So unless Grexit can be engineered to avoid the depredations of the neoliberals and the fascists, it’s hard to see how this can turn around to the benefit of ordinary people.
I think the only solution for the EZ now (not really for Greece) is for everyone to go back to their 19 national currencies, with all of their Euro denominated debt converted to denominations in national versions of the Euro of the debtor, not the creditors (you can still call them all Euros, because the Euro still belongs to Greece and every other nation of the EZ). But that will never happen. The losers will just get keelhauled one by one like Greece is now.

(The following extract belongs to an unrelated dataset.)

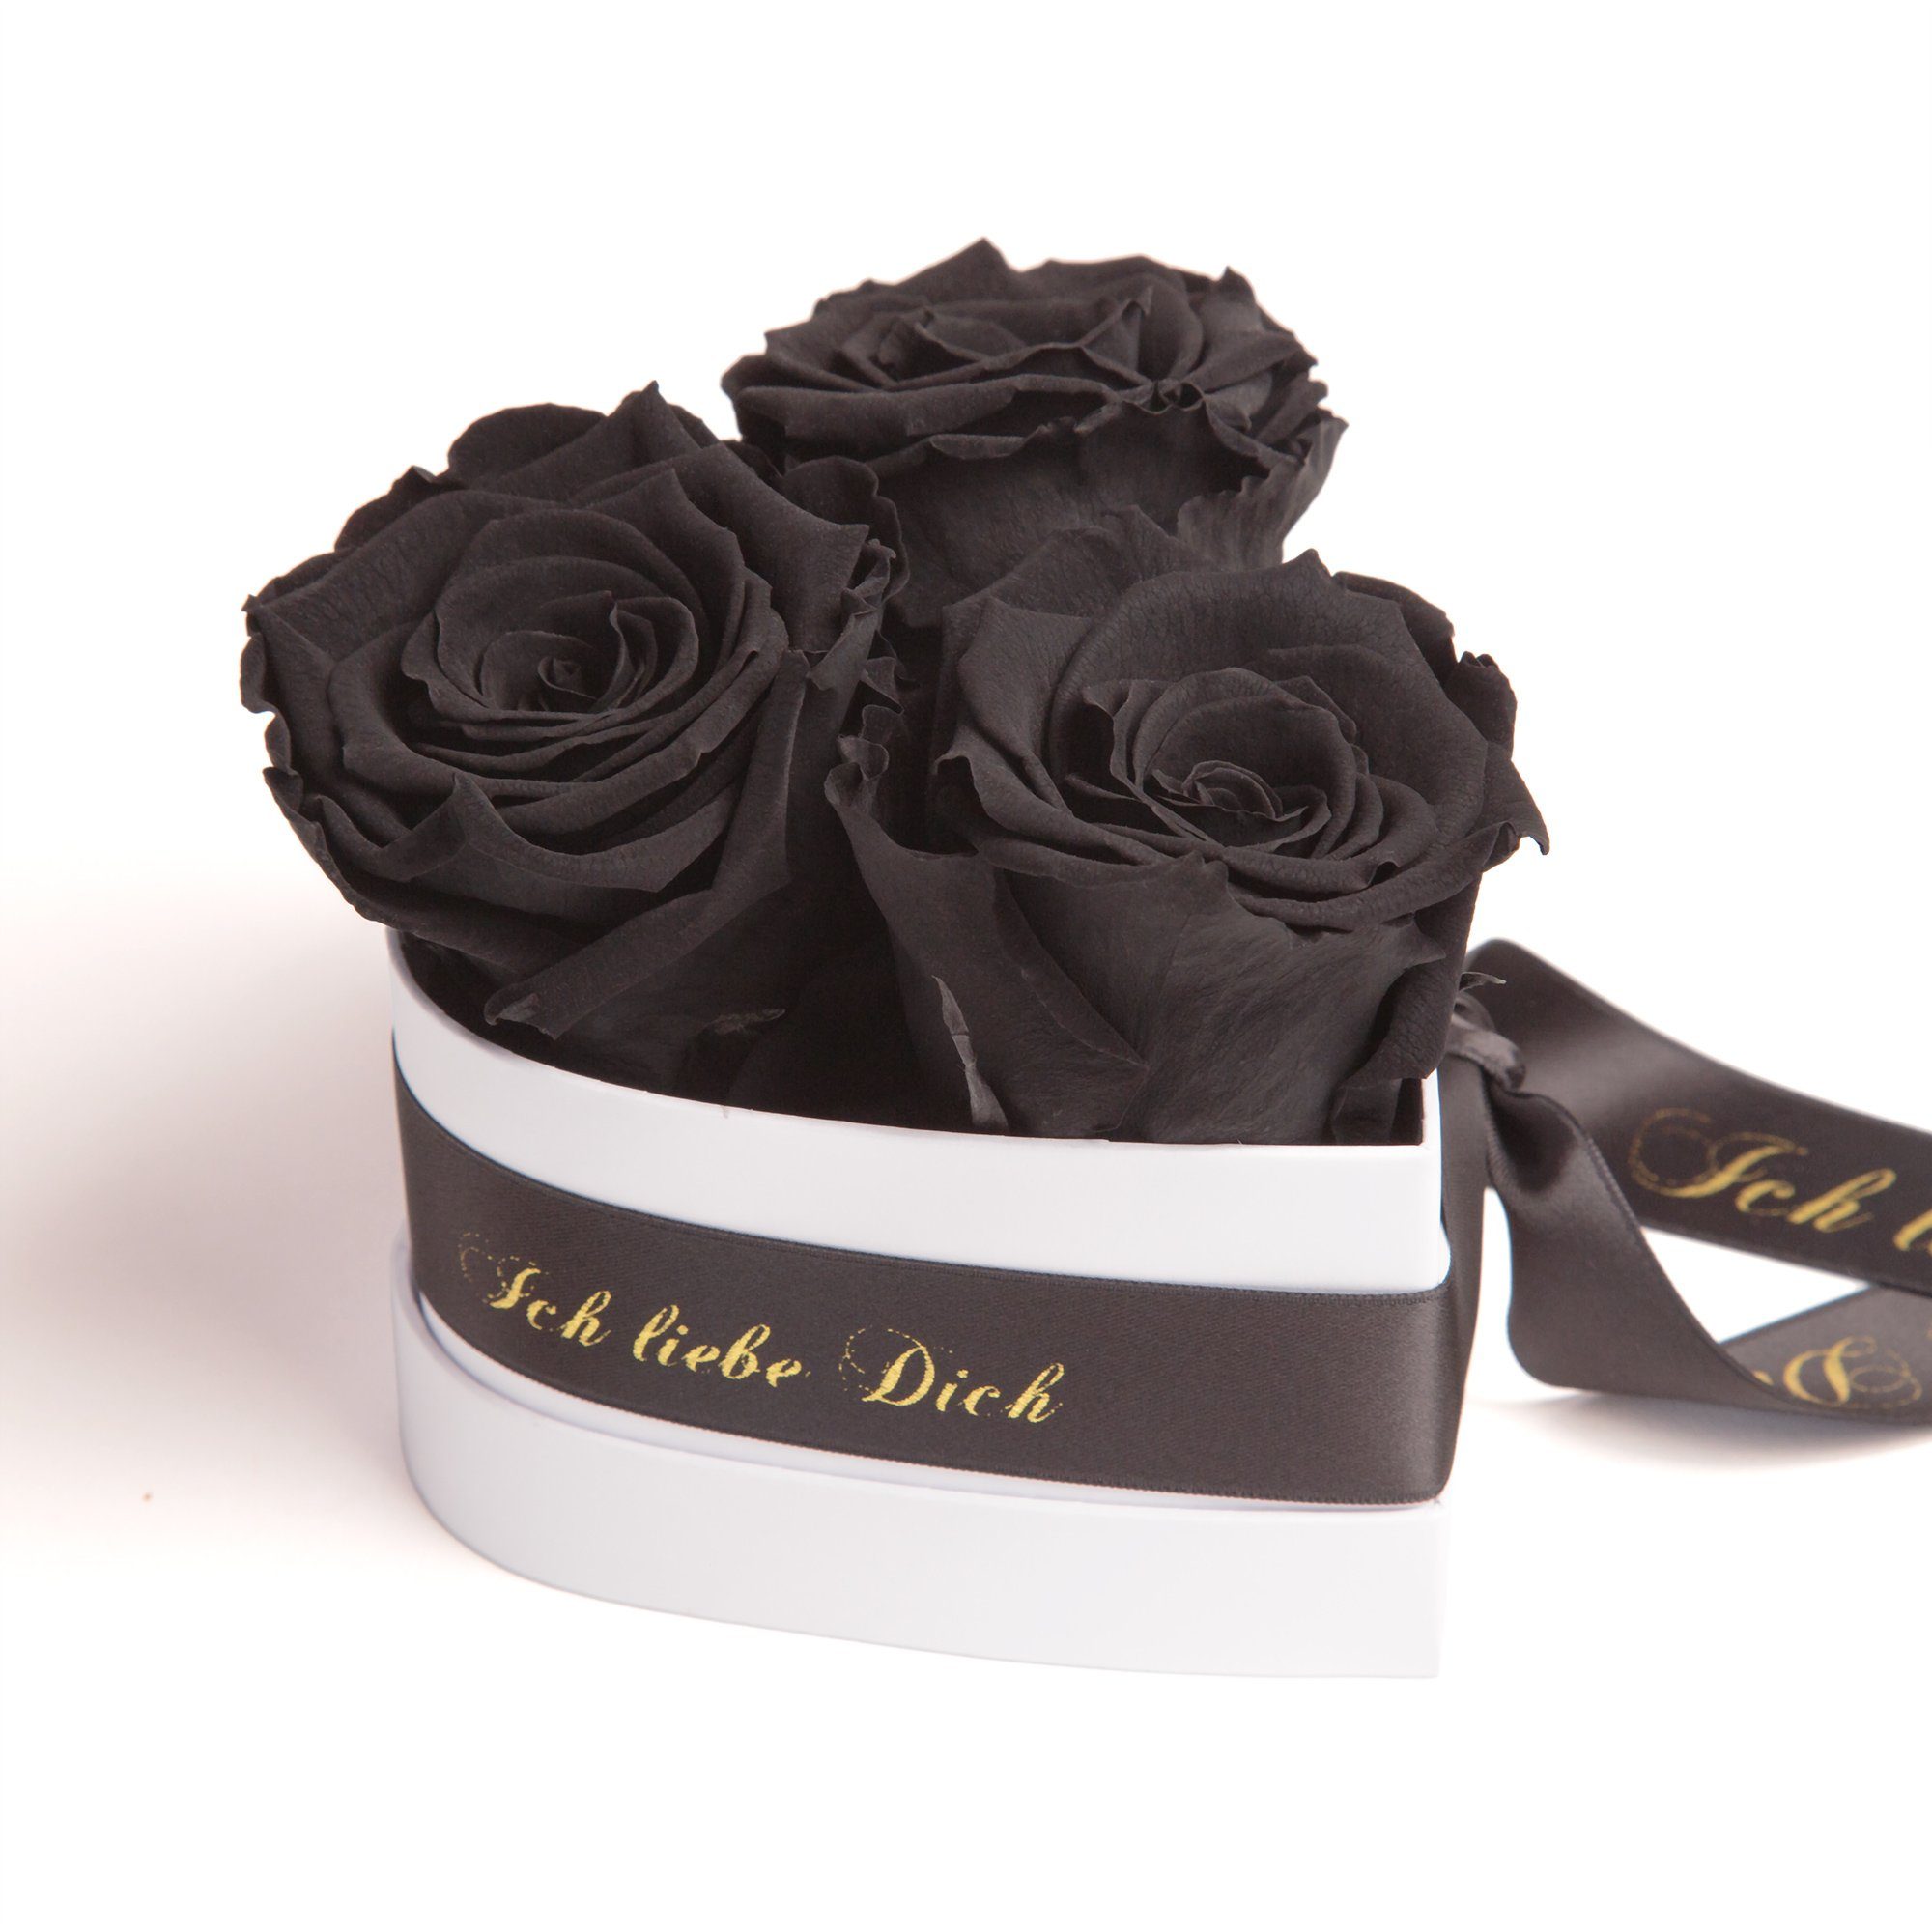 Kunstblume Rosenbox Herz 3 infinity Rosen Ich liebe Dich Geschenk für Sie Rose, ROSEMARIE SCHULZ Heidelberg, Höhe 10 cm, Liebesbeweis Valentinstag

Calling Marine le Pen, please pick up the white courtesy phone.
VietnamVet
Corporate media is hard at work avoiding the truth. But, it is clear that the USA is totally ineffective. A geopolitical ally, Greece, is collapsing. An orderly exit and write off of their debt would be in its best interest of the West; especially with the restart of the Cold War with Russia. Plus a Greek exit is much cheaper than a Euro breakup. But, Greece is about to join Libya as failed state. The technocrats who know the flimsiness of the financial system and the politicians of all the other EU states whose budgets would be immediately hit by write off the Greek debt will do anything to avoid an official declaration of default on the Greek sovereign debt and prevent an efficacious exit of Greece from the Euro. Any lenders left want every last penny of debt with interest, now. Period. No Write Offs.

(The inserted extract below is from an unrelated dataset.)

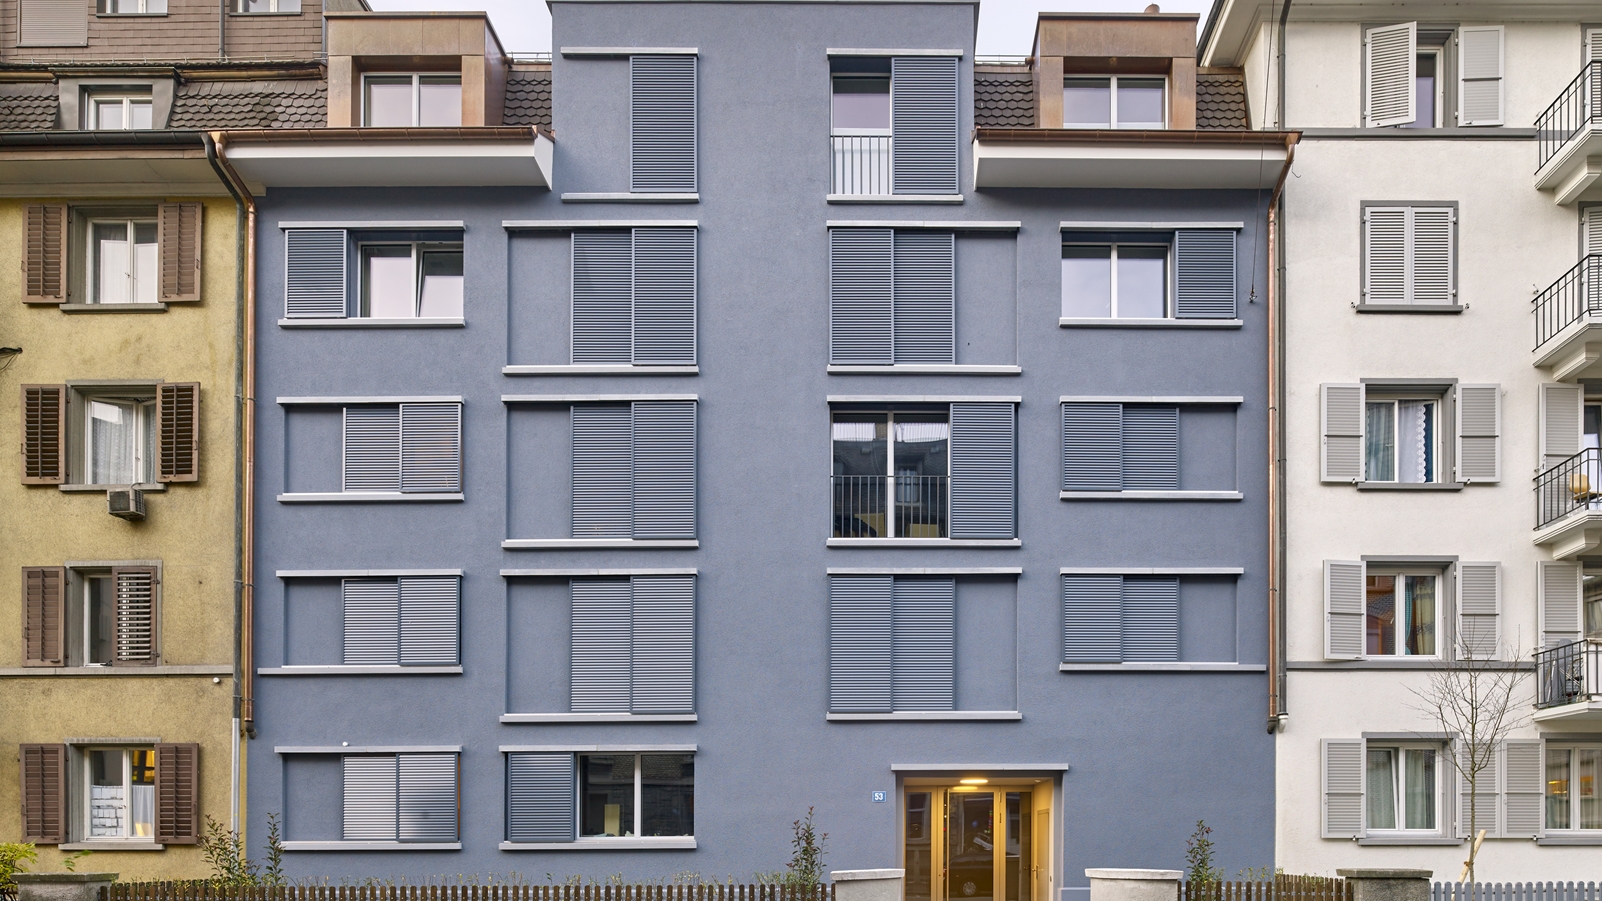 Wohngebäude Weststrasse - Bild 2.jpg (2)

They all are assuring the eventual fall of the European Union but that is tomorrow.
Mandos
Austrian Chancellor Faymann criticises Schäuble for a proposal that was “morally not right” and would likely have cost 50 billion in humanitarian aid if it were to work at all. *Comparatively* sympathetic attitude towards Greece.
http://derstandard.at/2000019181272/Faymann-Deutsche-Rolle
Mandos
(That I got via Alex Andreou’s twitter feed.)
someofparts
“In debtor Euro countries, there is a core pro-Troika lobby that consists of the frustrated creative-class types who blame comfortably entrenched public employees for creating an inefficient society. These people are the true popular drivers of the inability to break away. To me it is their argument that most importantly must be overcome.”
Fascinating.
Not only in Greece.
Mandos
Definitely not only in Greece.
Their argument against Grexit (or Spexit or Pexit or …) is that even if it were possible to create a smooth transition outside the Euro, it would be a catastrophe, because the people would be able to continue in their backwards ways instead of becoming properly entrepreneurial, unleashing their inner startup founder, etc. ie, the Euro straightjacket is exactly the feature they want, and finally even Syriza, the representative of these entrenched labour interests, is forced to make the competitiveness reforms that will create the Greek version of Germany, etc.
Ivory Bill Woodpecker
Mandos and SoP mention a contempt for marginally comfortable public servants among the “creative class”.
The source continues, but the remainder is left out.